The BBC during the Second World War
Untitled Document

 

BBC During World War 2

By Jack Courtez

On the outbreak of war, the BBC’s television service was closed. The closure of the television service gave extra importance to the news bulletins on BBC radio which had been broadcast daily since 1922. Britain, her empire and occupied territories reliance on the BBC was only eased by overseas stations and the news press. The most notable events of WW2 were covered by a new generation of reporters such as Richard Dimbleby, who followed the British Expeditionary Force through France and was the first to report the atrocities that took place at Belsen concentration camp*. Speeches by King George VI, Winston Churchill and other leading figures were also a common component of the BBC’s radio service.

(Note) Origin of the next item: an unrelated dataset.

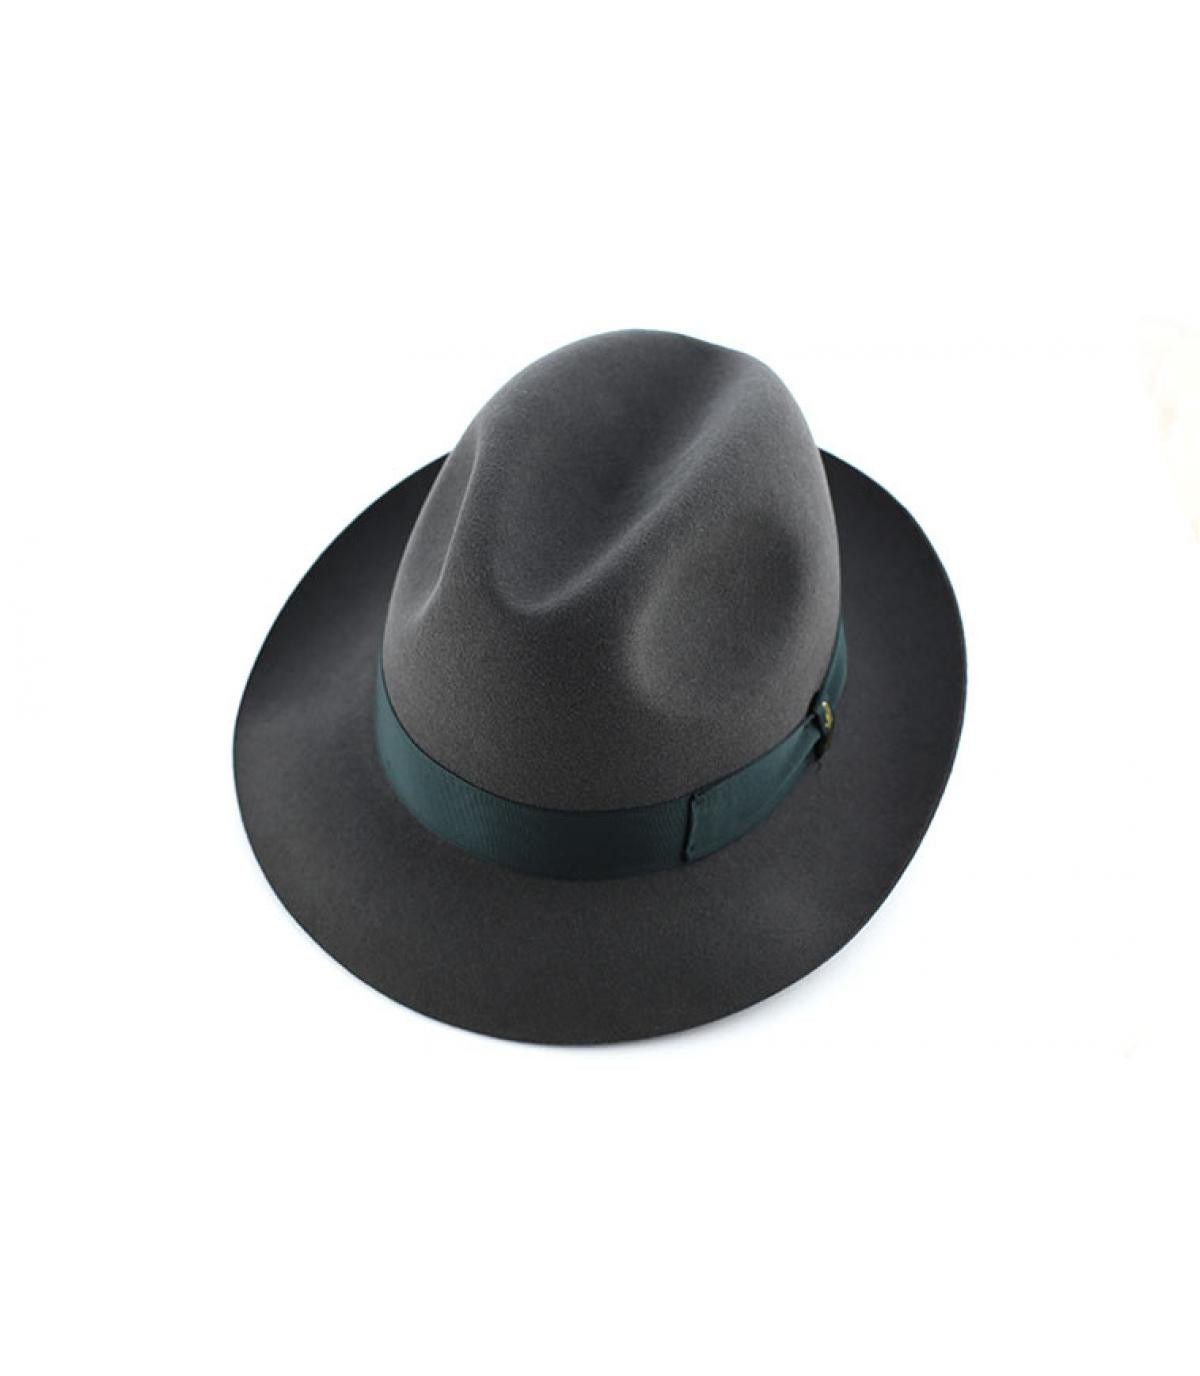 Détails Marengo grey fur felt hat - image 3

During conflict and crisis nations require the support of their citizens. Unfortunately for the British government in the 1930’s there was strong public distain for war and support for pacifism. So how did the British government achieve such strong support so quickly? The BBC’s radio broadcasts helped to unite, inform and boost the morale of Britain, her colonies and occupied territories. Coupled with strict censorship both internally and from the Ministry of Information, the British government was content that the information supplied by the BBC would not negatively impact on morale or support. However, the BBC was careful to protect its image by avoiding the publication of black, grey or dirty propaganda by only publishing very mild white propaganda such information based on facts with a slight slant, for instance in response to Hitler’s final peace offering, Future MI6 agent Sefton Delmer* declared this over BBC radio “we here in Britain hurl it back at him into his evil smelling teeth.” Whilst Britain did reject the peace offering, the portrayal of Britain's attitude helped rally people through giving Britain the appearance of strength which her forces did not have.

Under the strain of intensive bombing, the infrastructure of cities was close to collapse at certain points during the war. This meant the spread of information and communication was slow or impossible due to roads blocked by rubble, by downed telegraph poles and by fuel rationing. Therefore radio was a suitable solution in spreading information quickly and to the majority of the population when needed. An example of the BBC’s role in communication can be found in a broadcast made on the 27th of July 1941 where a mother in England is able to have a conversation with her daughter in Canada***. However, this is a rare occurrence and mostly elitist as only the rich could afford to send their children abroad. Perhaps this may serve as more of a morale boosting exercise than a substitute for direct communication such as phone calls or letters communication.
More subtly there was a form of communication from the BBC’s Radio towers to occupied France. Encoded poems and messages were critical in organising resistance by the SOE (Special Operations Executive) and their French counterparts.